= Johann Nepomuk Huber =

German philosophical and theological writer

Johann Nepomuk Huber (18 August 1830 - 20 March 1879) was a German philosophical and theological writer, and a leader of the "Old Catholic Church".

==Life==
He was born in Munich. Originally destined for the priesthood, he studied theology from childhood. The writings of Spinoza and Lorenz Oken attracted him to philosophy, and it was in philosophy that he habilitated (1854) at LMU Munich, where he ultimately became professor (extraordinarius, 1859; ordinarius, 1864).

With Ignaz von Döllinger and others, he attracted a large amount of public attention. Firstly, in 1869, by the challenge to the Ultramontane promoters of the First Vatican Council in the treatise Der Papst und das Koncil, which appeared under the pseudonym of "Janus". Secondly, in 1870, a series of letters (Römische Briefe, a redaction of secret reports sent from Rome during the sitting of the council), which were published under the pseudonym Quirinus in the Allgemeine Zeitung.
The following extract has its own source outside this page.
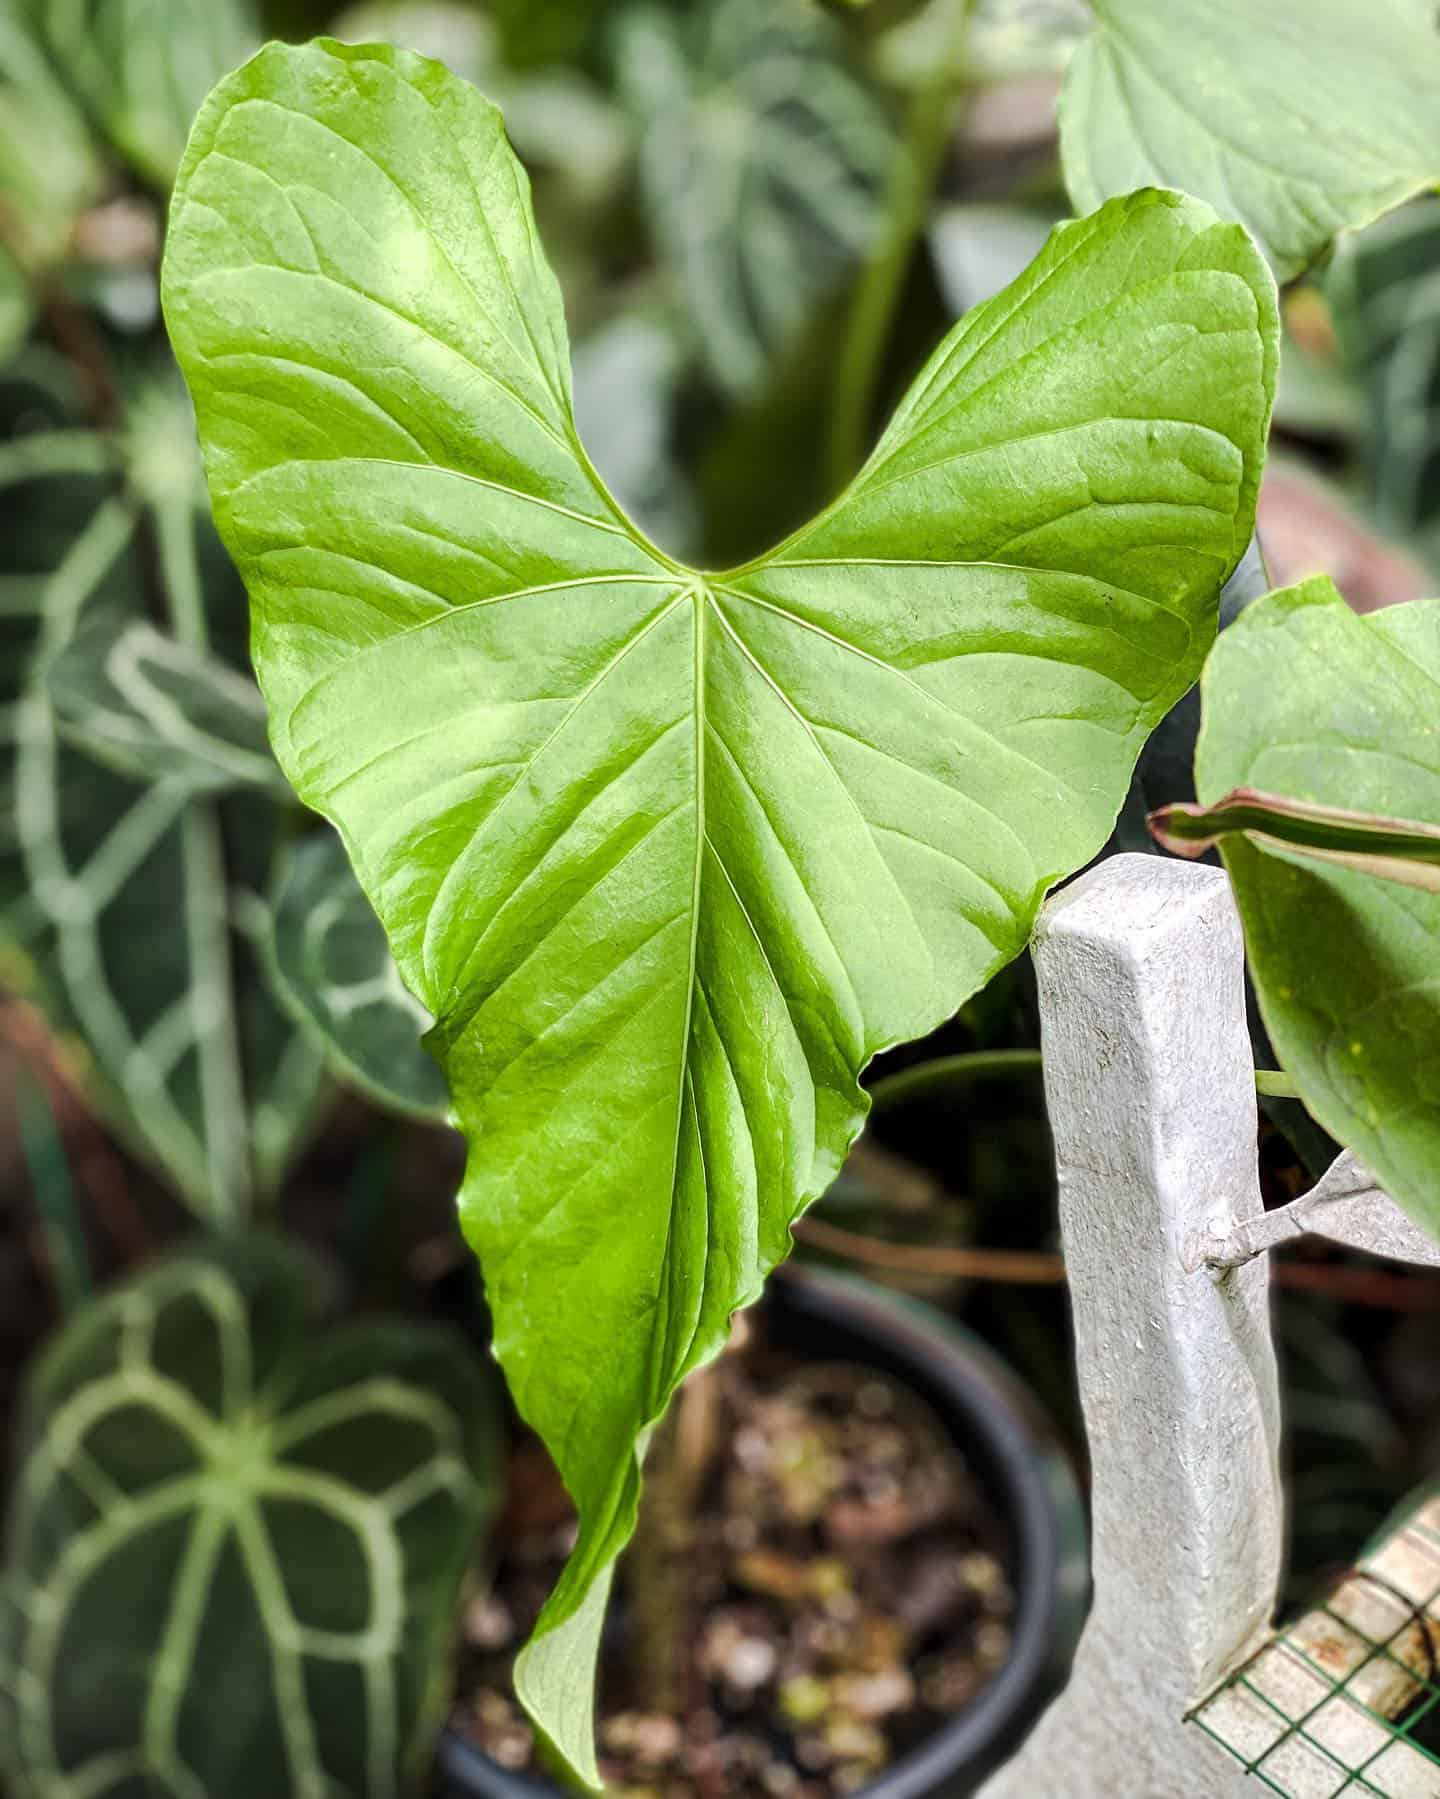 heartshaped leaf of Anthurium Balaoanum plant
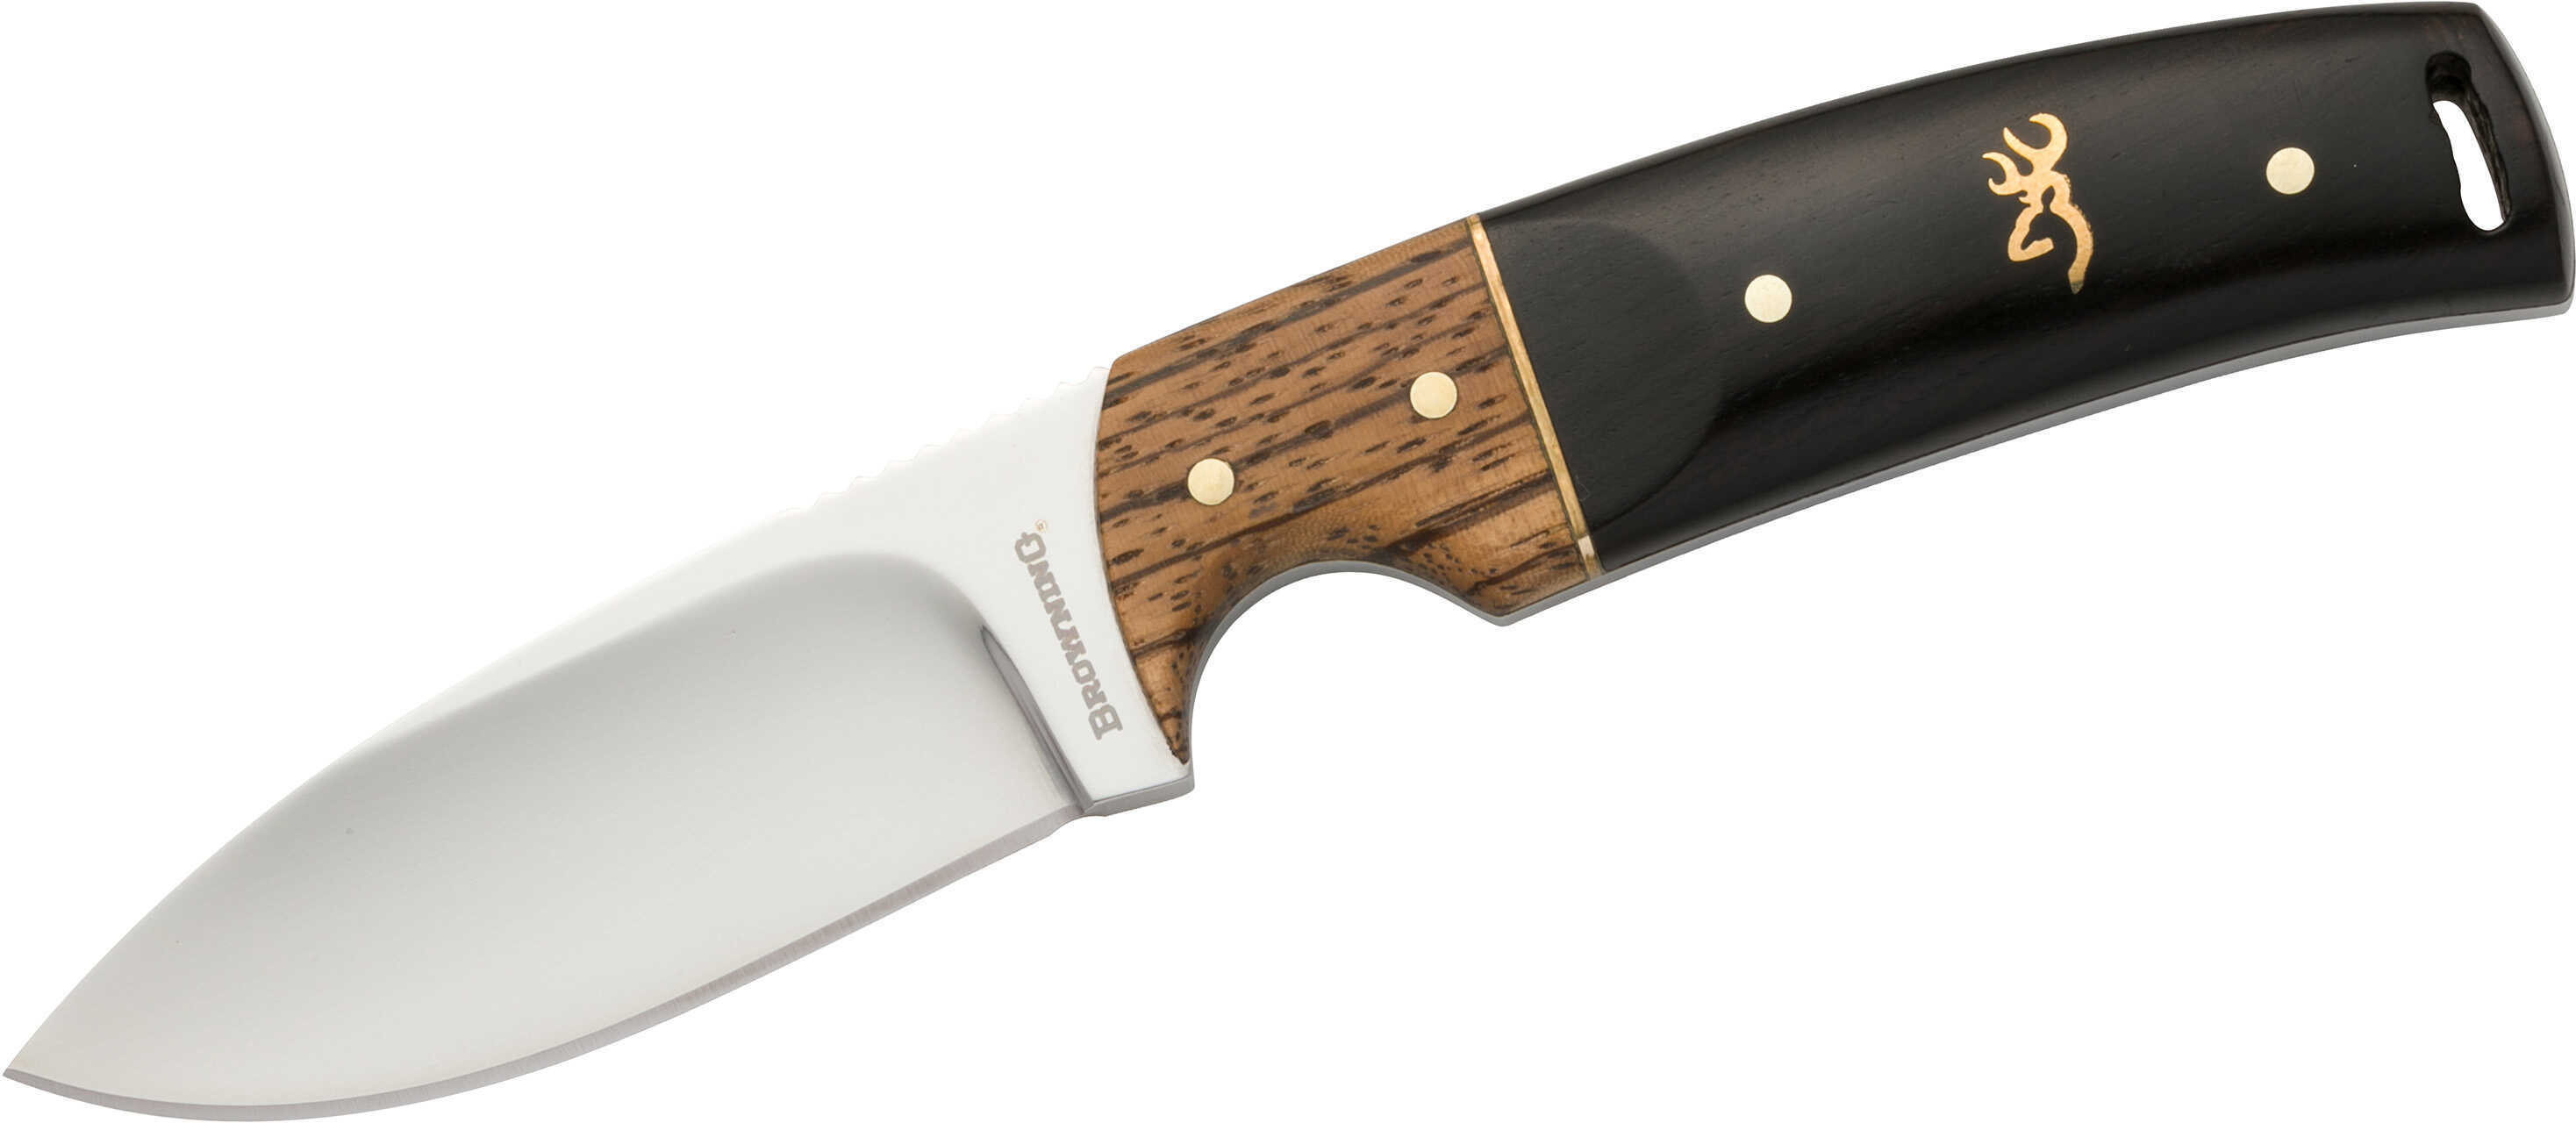 Brn 3220271 BKMK Hunter Fixed Knife

He died suddenly of heart disease in Munich.

==Works==
- The treatise Über die Willensfreiheit (1858), followed in 1859 by Die Philosophie der Kirchenväter, which was promptly placed upon the Index, and led to the prohibition of all Catholic students from attending his lectures.
- Johannes Scotus Erigena (1861)
- Die Idee der Unsterblichkeit (1864)
- Studien (1867)
- Der Proletarier
- Zur Orientirung in der sozialen Frage (1865)
- Der Jesuitenorden nach seiner Verfassung und Doctrin, Wirksamkeit und Geschichte (1873), also placed upon the Index
- Der Pessimismus (1876)
- Die Forschung nach der Materie (1877)
- Zur Philosophie der Astronomie (1878)
- Das Gedächtnis (1878).

Huber also published adverse criticisms of Charles Darwin, David Strauss, Hartmann and Hackel; pamphlets on Des Papsttum und der Staat (1870), and Die Freiheiten der französischen Kirche (1871); and a volume of Kleine Schriften (1871).

He is mentioned in the Monty Python song Decomposing Composers.